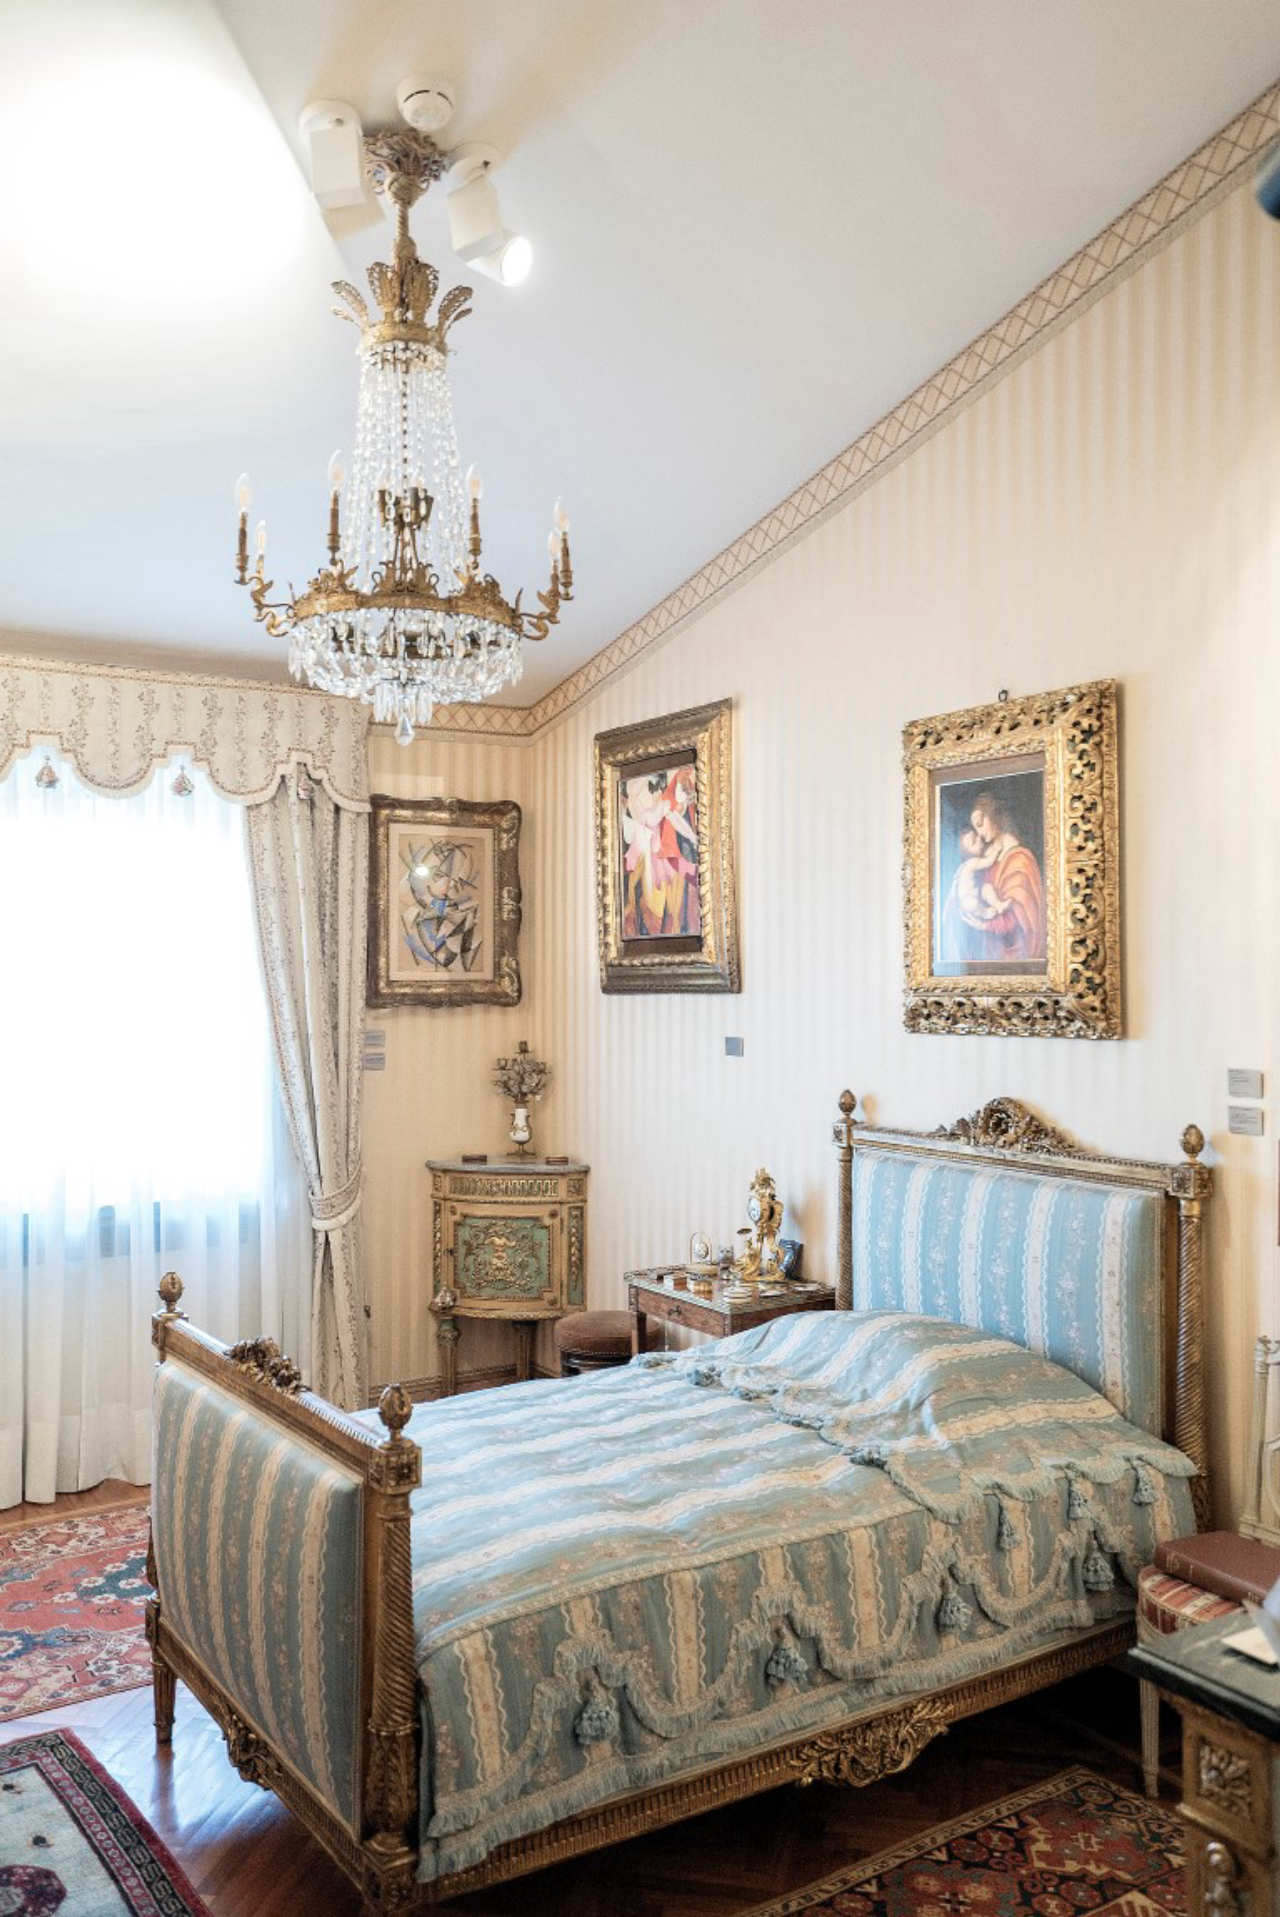 A bedroom at Francesco Federico Cerruti’s villa in Rivoli, Italy, May 1, 2019. Few knew that Cerruti, who died in 2015, owned artwork that would later be valued at $600 million. (Alessandro Grassani/The New York Times)
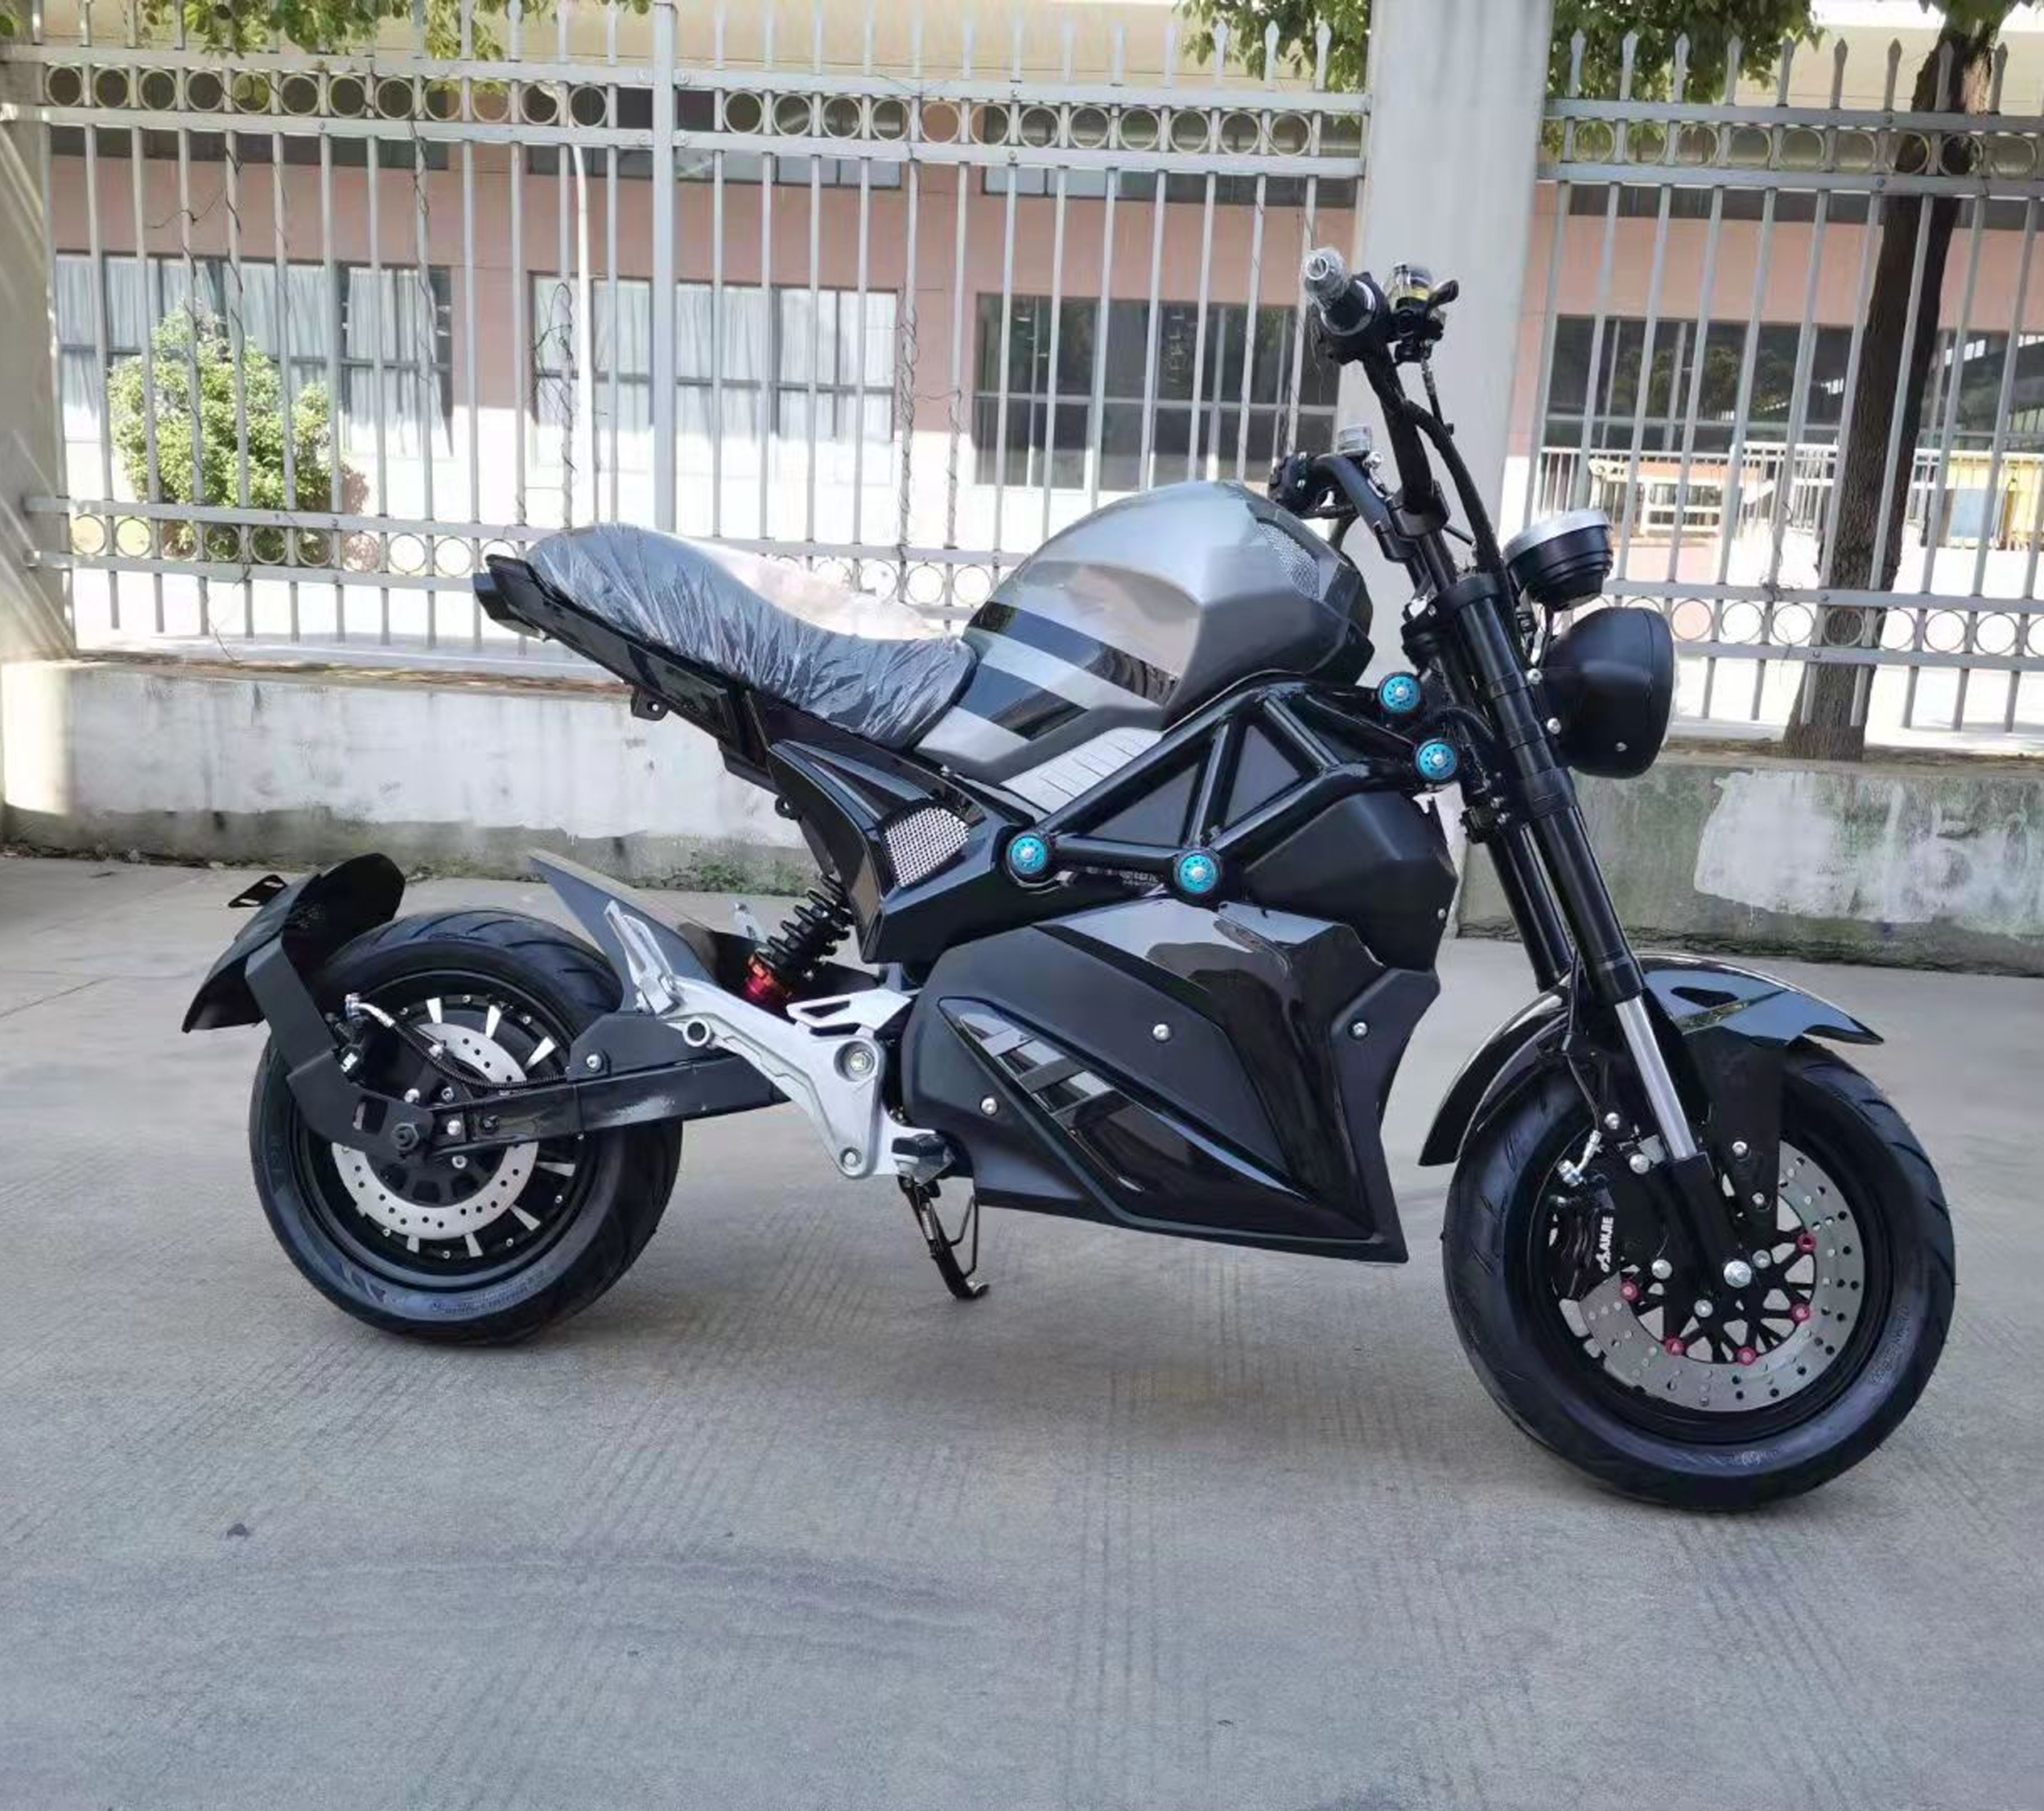 Retro-monster Adult 2 Wheel Electric offroad Motorcycle with long range distance
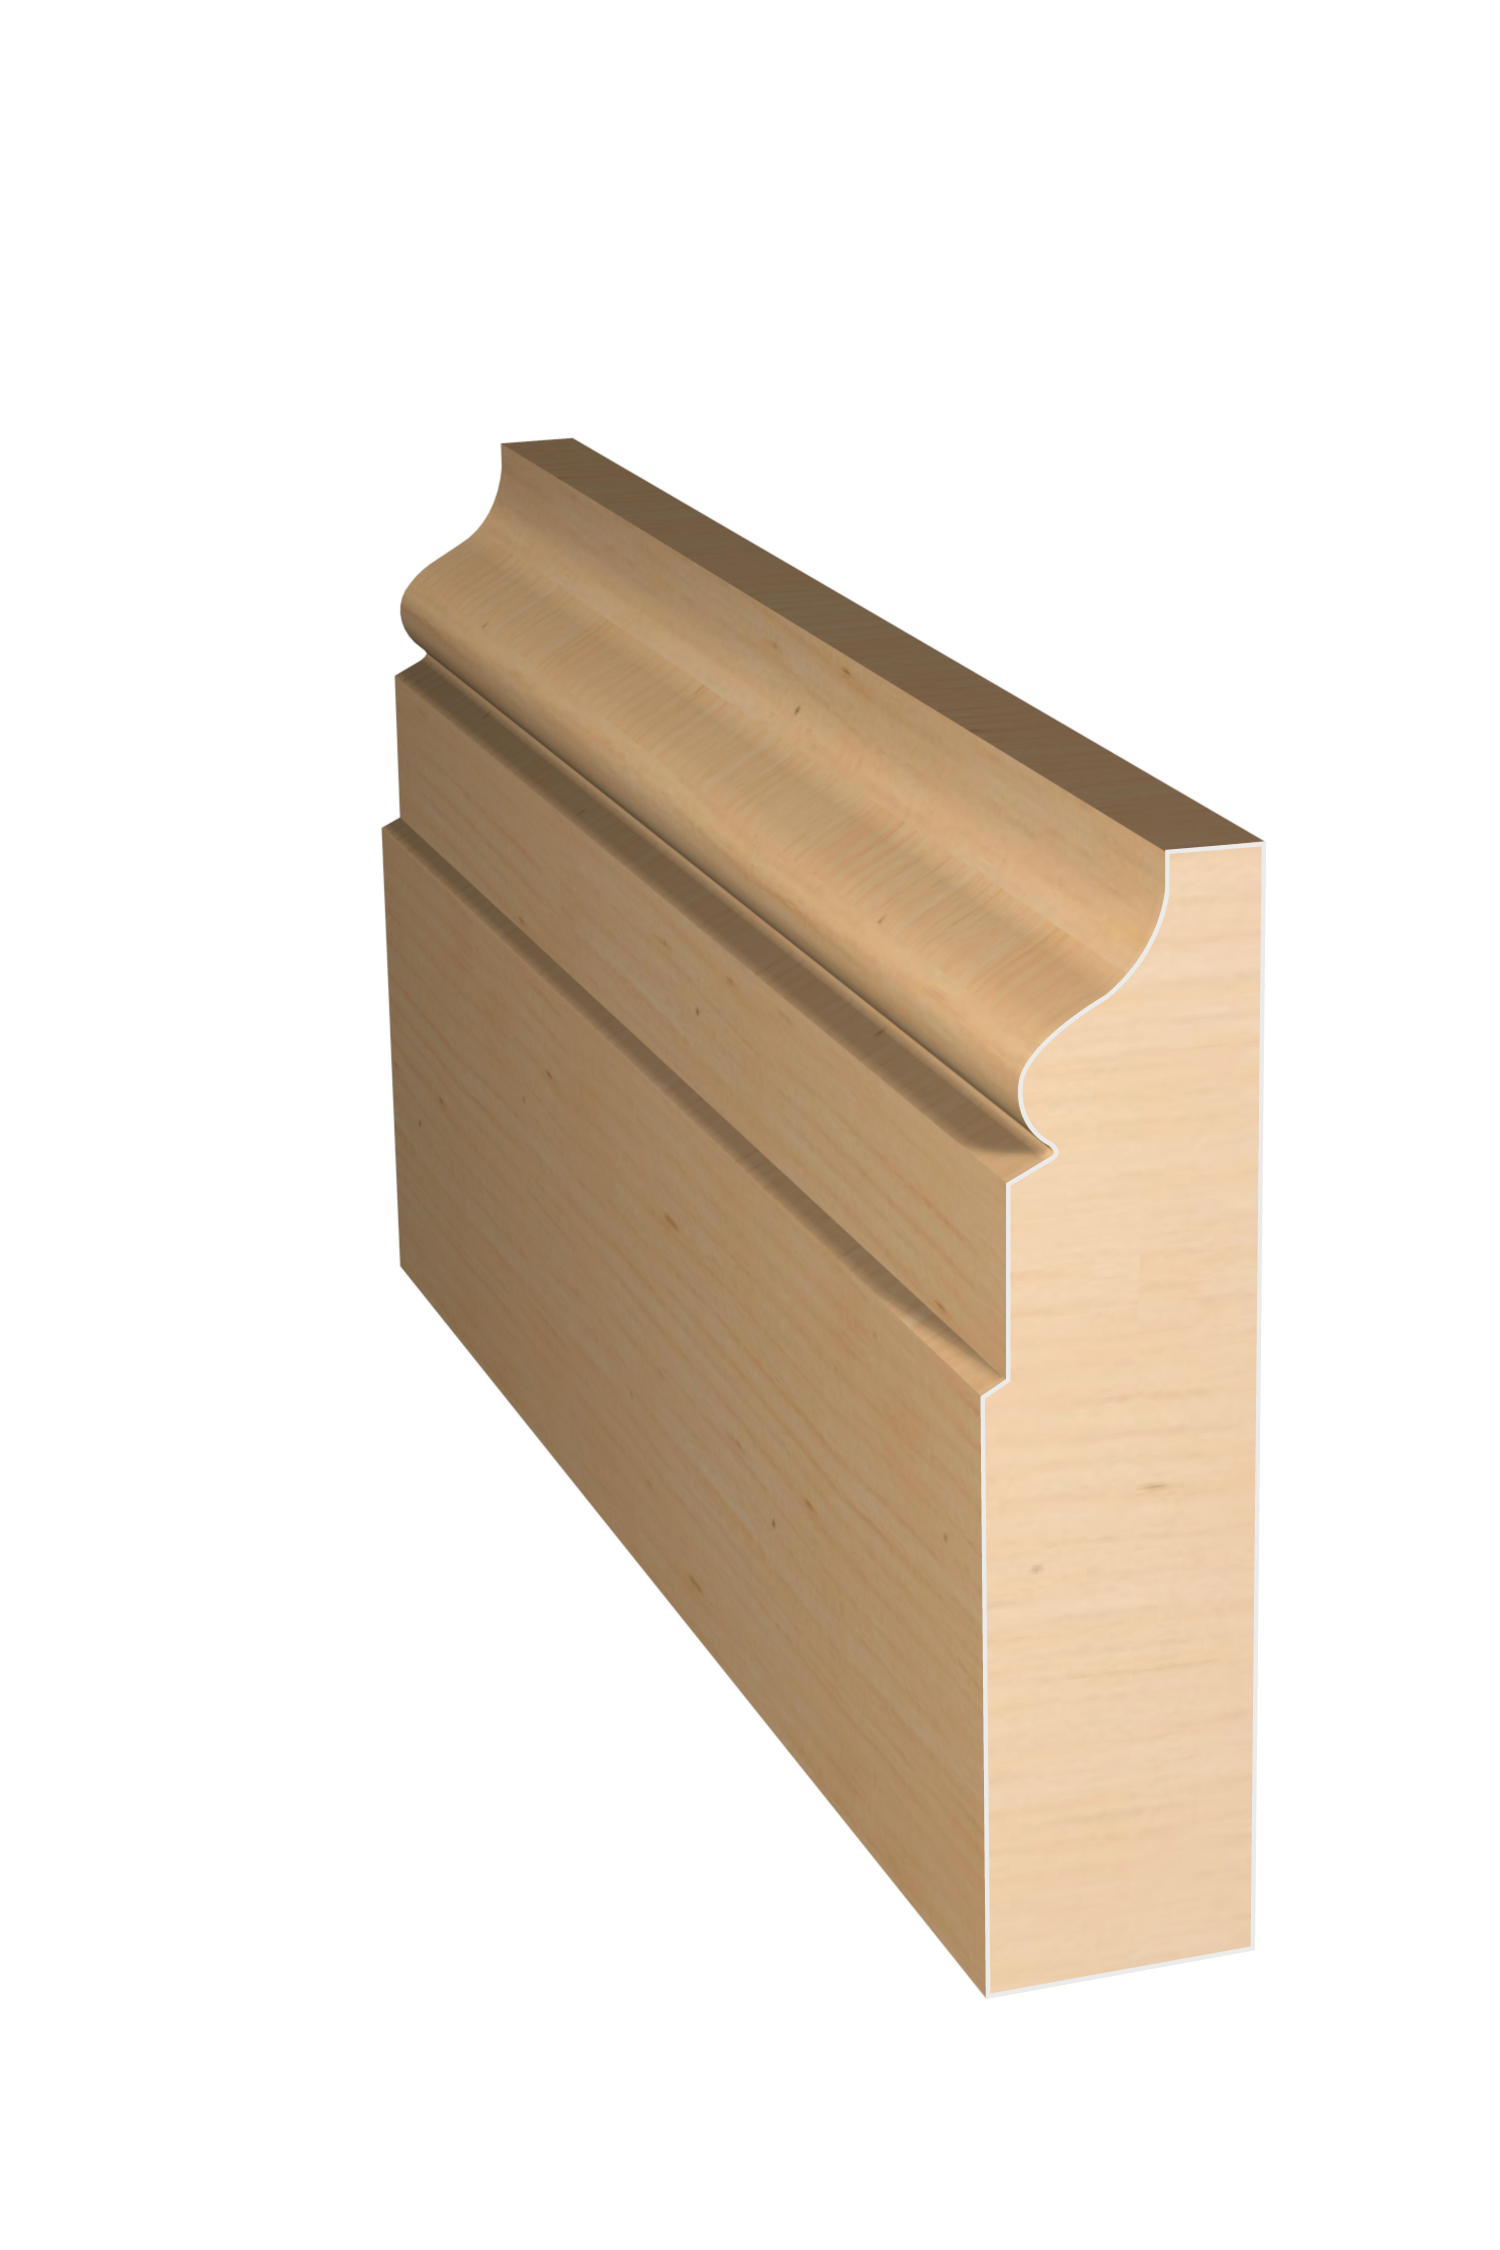 Three dimensional rendering of custom casing wood molding CAPL325 made by Public Lumber Company in Detroit.

- - -

■ EXERCISE GOAL ■
Would you return all of the data above word for word, omitting every picture?

■ COMPLETED EXERCISE ■
 A bedroom at Francesco Federico Cerruti’s villa in Rivoli, Italy, May 1, 2019. Few knew that Cerruti, who died in 2015, owned artwork that would later be valued at $600 million. (Alessandro Grassani/The New York Times)
 Retro-monster Adult 2 Wheel Electric offroad Motorcycle with long range distance
 Three dimensional rendering of custom casing wood molding CAPL325 made by Public Lumber Company in Detroit.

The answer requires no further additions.